An apocalyptic event happens so subtly in Starfish that you almost don’t notice it. The reasons for that are probably more practical than artistic — it costs money to show widespread devastation — but it adds to the intrigue of this melancholy sci-fi drama, which can feel both realistic and dreamlike, even in the same scene.
It’s nearly a one-woman show, with Virginia Gardner starring as Aubrey, a young woman whose friend, Grace (Christina Masterson), has just died. Tipped off that Grace was working on something that only Aubrey would understand, she breaks into Grace’s apartment go find it, falls into a reverie of memories and dreams — she is haunted by a particular event involving a man named Edward (Eric Beecroft) — and discovers, when she wakes up in the morning, that there’s a foot of snow on the ground and the town seems deserted. Also, there might be a monster.

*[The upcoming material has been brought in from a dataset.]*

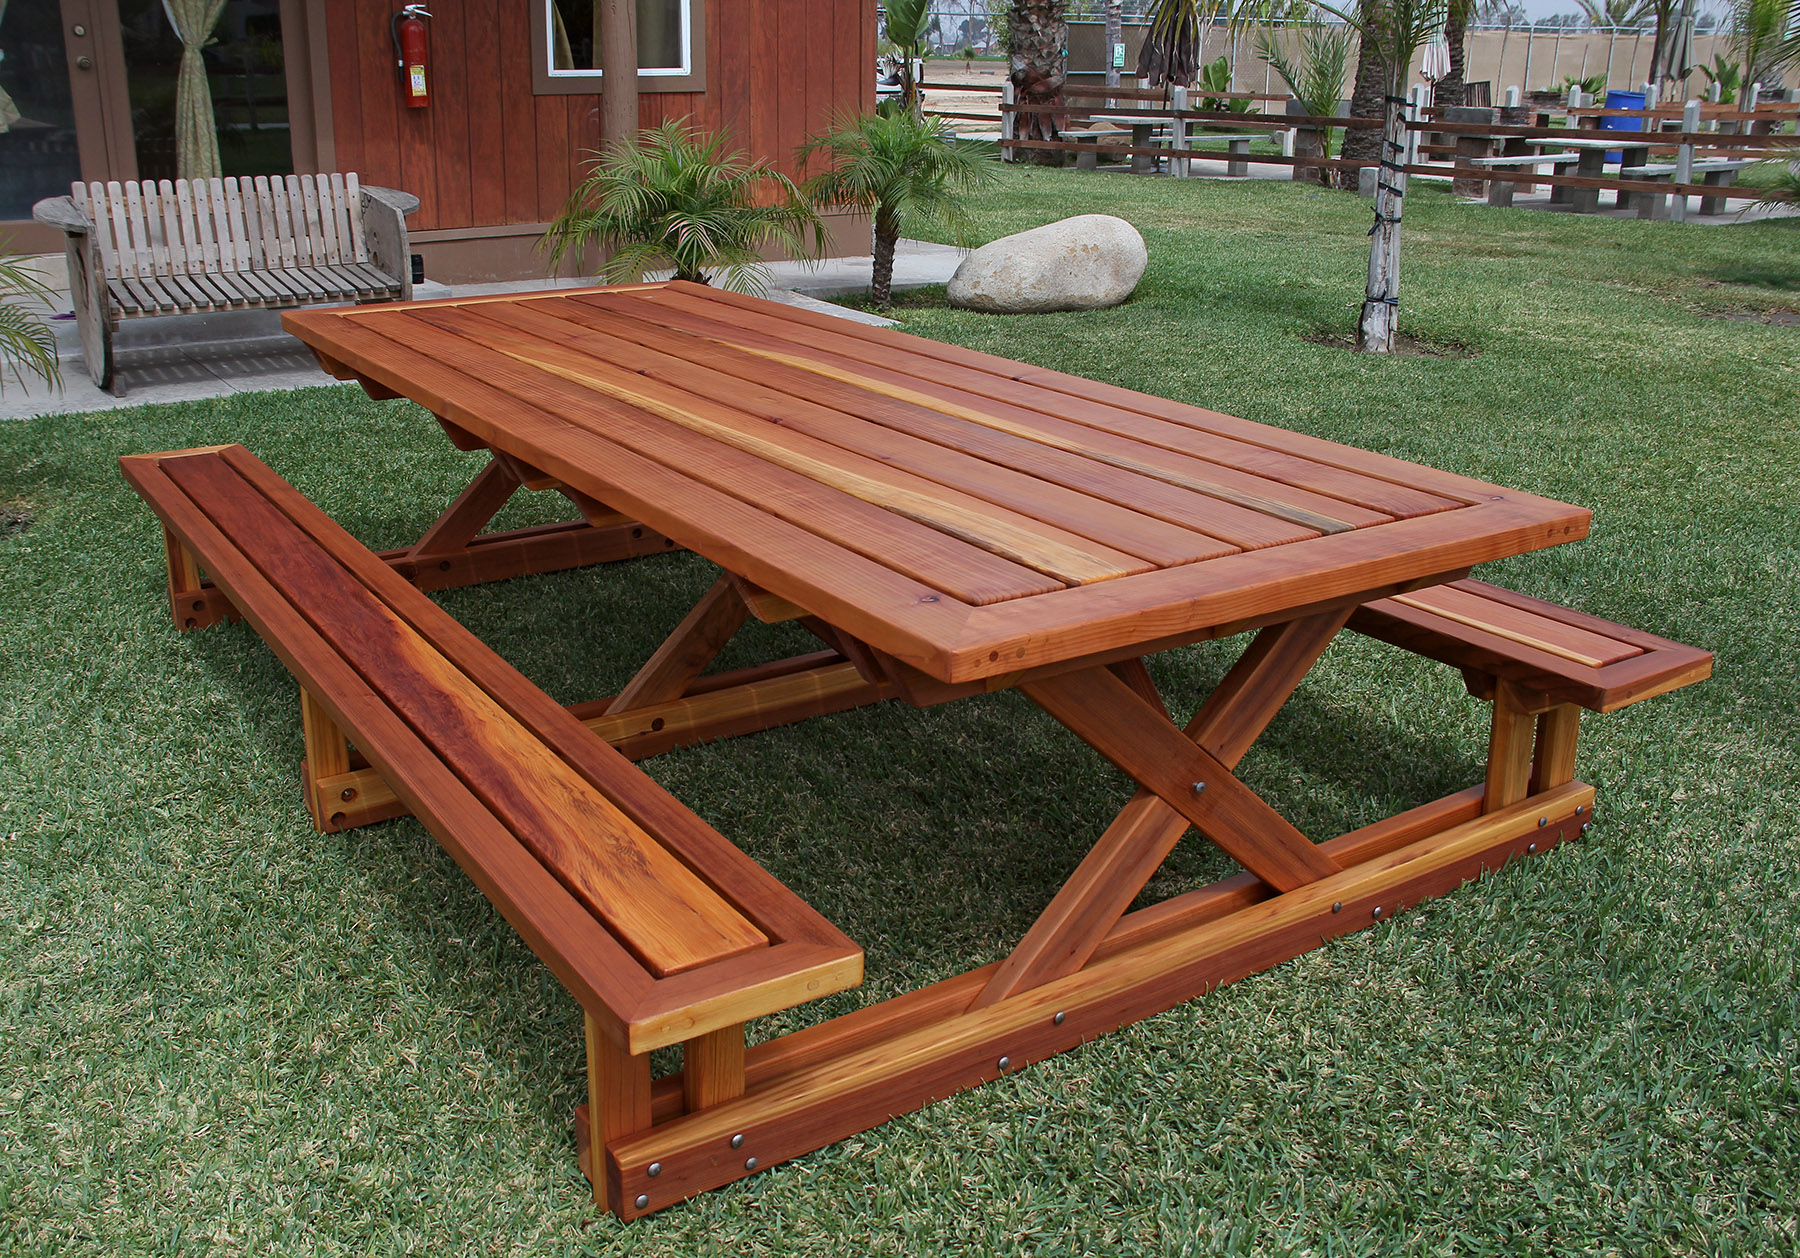 Chris's Picnic Table with Attached Benches Foreverredwood.com

Aided by a man’s voice on a CB radio, Aubrey gradually learns that all of this is actually connected to Grace, who was part of a group of people working on capturing mysterious radio signals. While still grieving, and in order to undo the apocalyptic thing that happened, and despite uncertainty about what, exactly, the hell is going on, Aubrey has to find the clues Grace left behind on a series of cassette tapes. Each song inspires a vision (dream? hallucination?) that seems to draw on Aubrey’s real experiences without being quite real (one such vision is animated), teasing out hints about her past.
It is frustrating that the film’s cryptic, elliptical nature results in some seemingly relevant things never being explained, but first-time writer-director A.T. White surrounds his intriguing plot with a moody atmosphere and effortlessly cool indie-rock soundtrack to sustain it. (White also composed the evocative musical score.) The strong central performance by Gardner — the only person onscreen most of the time — is another key, giving us intimate access to Aubrey’s thoughts and emotions as reality vaguely falls apart around her.